The goal of many neuroimaging studies is to better understand how the functional connectivity structure of the brain changes with a given phenotype such as age. Functional connectivity can be characterised as a network, with nodes corresponding to brain regions and edges corresponding to statistical dependencies between the respective regional time series of activity. A typical neuroimaging dataset will thus consist of one or more networks for each individual in the study. Most statistical network models, however, were originally proposed to describe a single underlying relational structure such as friendships between individuals or hyperlinks between web pages. As a result, the development of these models has largely been restricted to the single network case. While one could in principle fit a single network model to each individual separately, it is not always straightforward to combine these individual results into a single group result.

In the first half of the thesis, we propose a multilevel framework for populations of networks based on exponential random graph models. By pooling information across the individual networks, this framework provides a principled approach to characterise the relational structure for an entire population. We use the framework to assess group-level variations in functional connectivity, providing a method for the inference of differences in the topological structure between groups of networks. Our motivation stems from the Cam-CAN project, a neuroimaging study on healthy ageing. Using this dataset, we illustrate how our method can be used to detect differences in functional connectivity between a group of young individuals and a group of old individuals.

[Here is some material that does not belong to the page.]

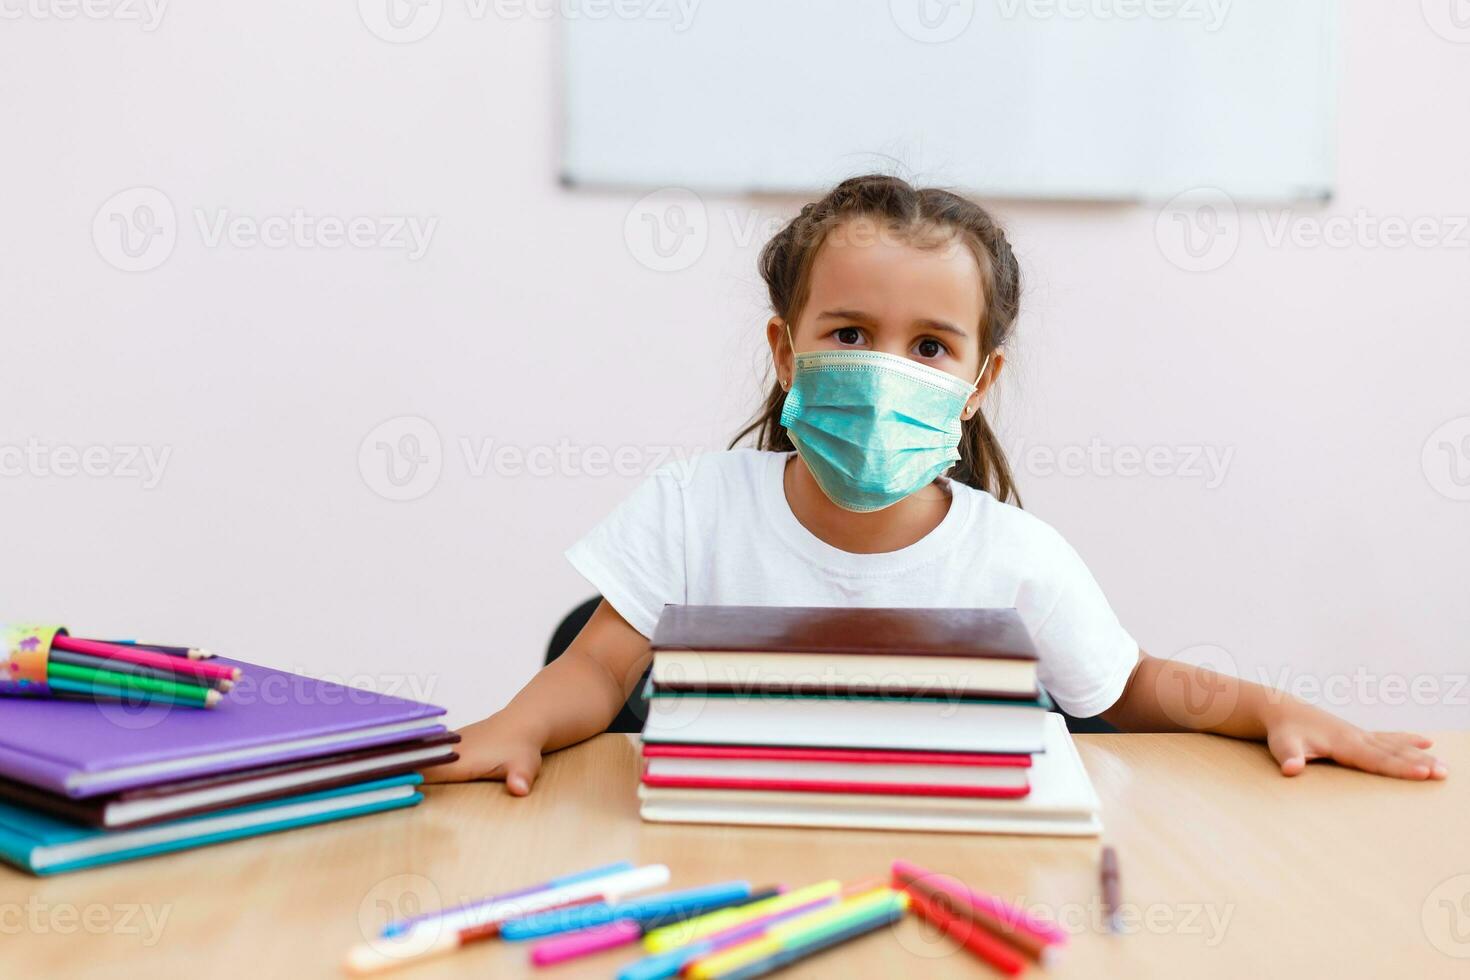 barn flicka studerande bär skyddande medicinsk ansikte mask i skola, epidemi, spridning av coronavirus, covid19, skol med mask till förhindra korona virus infektion, stridande de utbrott av covid-19 foto

In the second half of the thesis, we shift our focus to dynamic functional connectivity (dFC). Recent studies have found that using static measures may average over informative fluctuations in functional connectivity. Several methods have been developed to measure dFC in functional magnetic resonance imaging (fMRI) data. However, spurious group differences in measured dFC may be caused by other sources of heterogeneity between people. We use a generic simulation framework for fMRI data to investigate the effect of such heterogeneity on estimates of dFC and find that, despite no differences in true dFC, individual differences in measured dFC can result from other (non-dynamic) features of the data. We then add a natural and novel extension to our multilevel framework by inserting time windows as an intermediate level between time points and subjects. Using magnetoencephalography data from the Cam-CAN study, we apply our method to detect differences in time-varying connectivity between a young group and an old group.